**THE PROBLEM:** The reply should reproduce every line of the data below word for word, minus any images.

**DATA SEGMENT:**
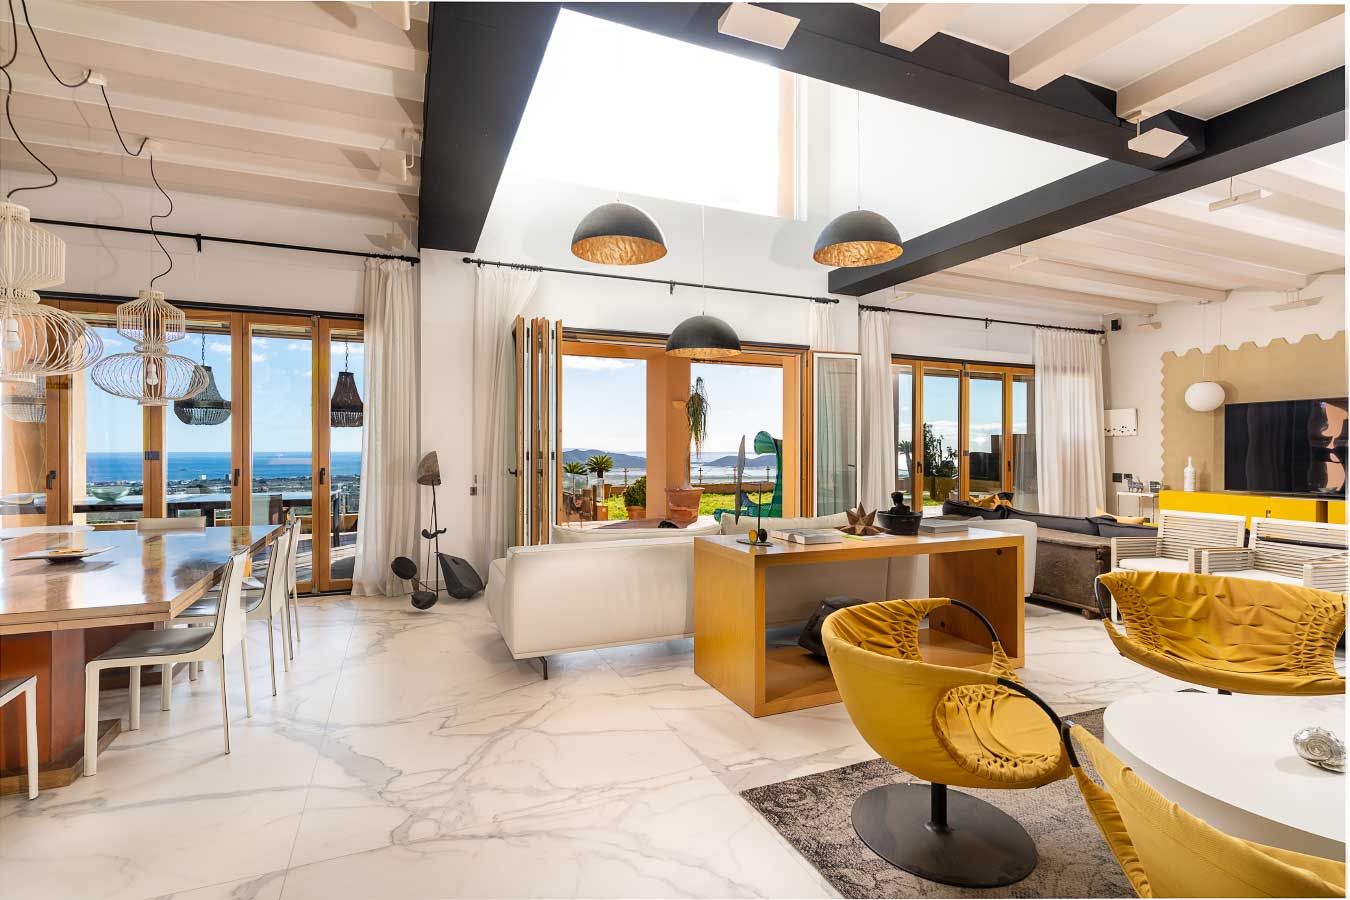 Amplio y espacioso salón con techos altos y amplios ventanales que ofrecen vistas al mar del sur en una villa de lujo en Ibiza
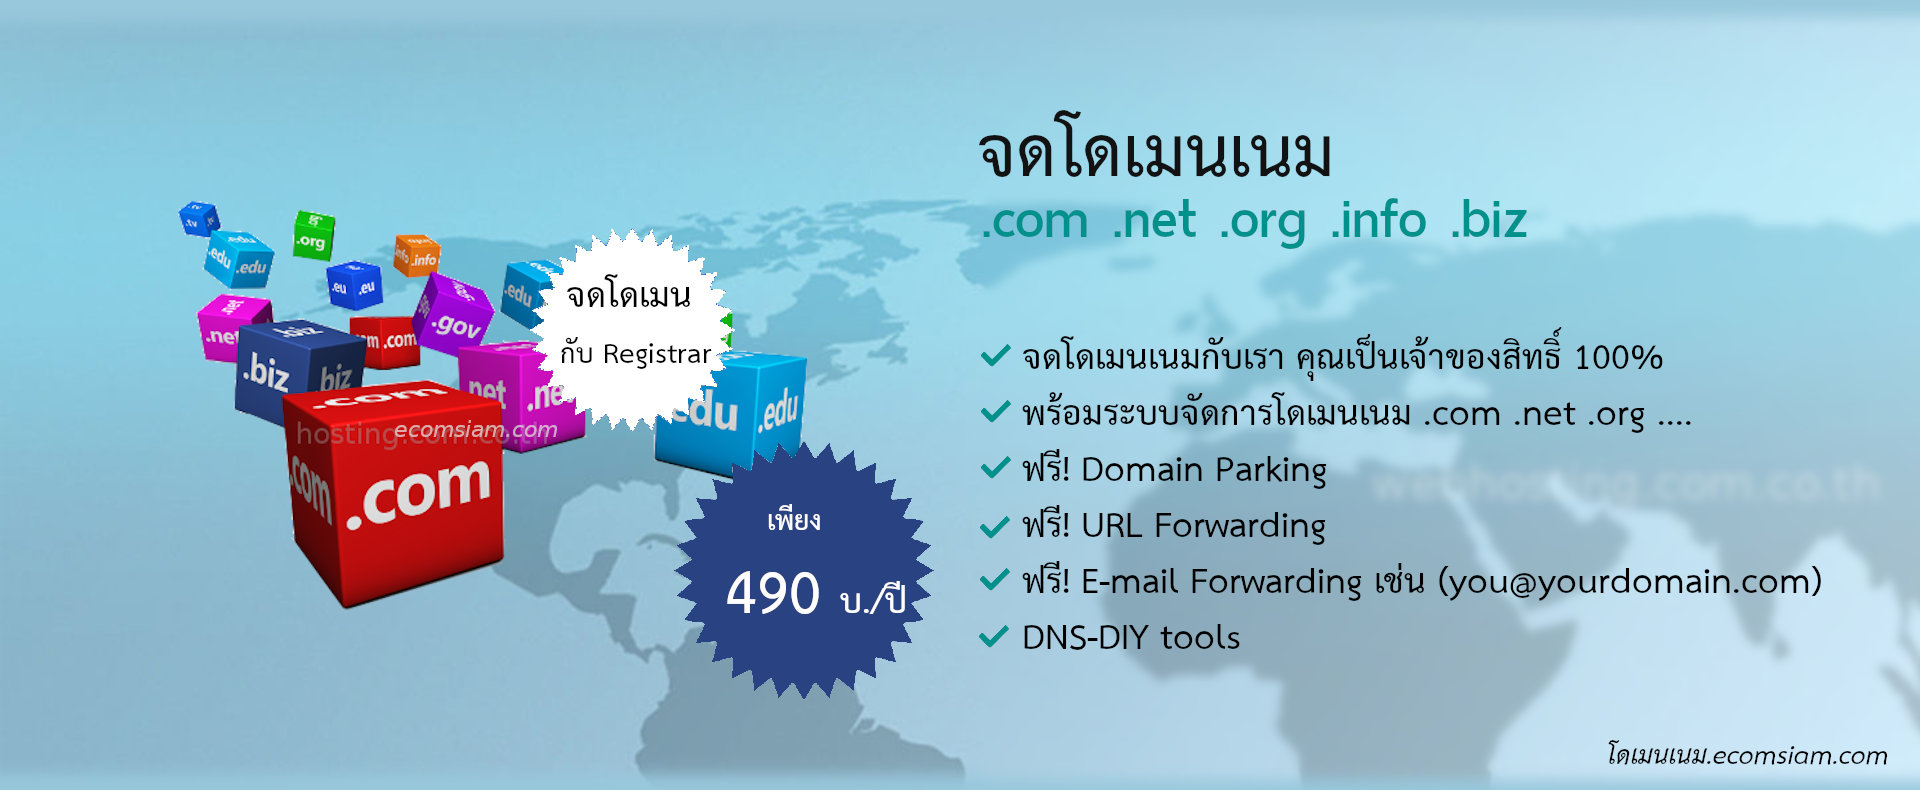 จดโดเมนเนม .com .net .org .info เพียง 490 บ./ปี จดโดเมน .biz เพียง 800 บ./ปี  จดโดเมนกับ Registrar จดโดเมนเนมกับเรา คุณเป็นเจ้าของสิทธิ์ 100% พร้อมระบบจัดการโดเมนเนม .com .net .org ....
ฟรี! Domain Parking /ฟรี! URL Forwarding /ฟรี! E-mail Forwarding เช่น (you@yourdomain.com) และ
DNS-DIY tools

**EXPECTED OUTPUT:**
 Amplio y espacioso salón con techos altos y amplios ventanales que ofrecen vistas al mar del sur en una villa de lujo en Ibiza
 จดโดเมนเนม .com .net .org .info เพียง 490 บ./ปี จดโดเมน .biz เพียง 800 บ./ปี  จดโดเมนกับ Registrar จดโดเมนเนมกับเรา คุณเป็นเจ้าของสิทธิ์ 100% พร้อมระบบจัดการโดเมนเนม .com .net .org ....
ฟรี! Domain Parking /ฟรี! URL Forwarding /ฟรี! E-mail Forwarding เช่น (you@yourdomain.com) และ
DNS-DIY tools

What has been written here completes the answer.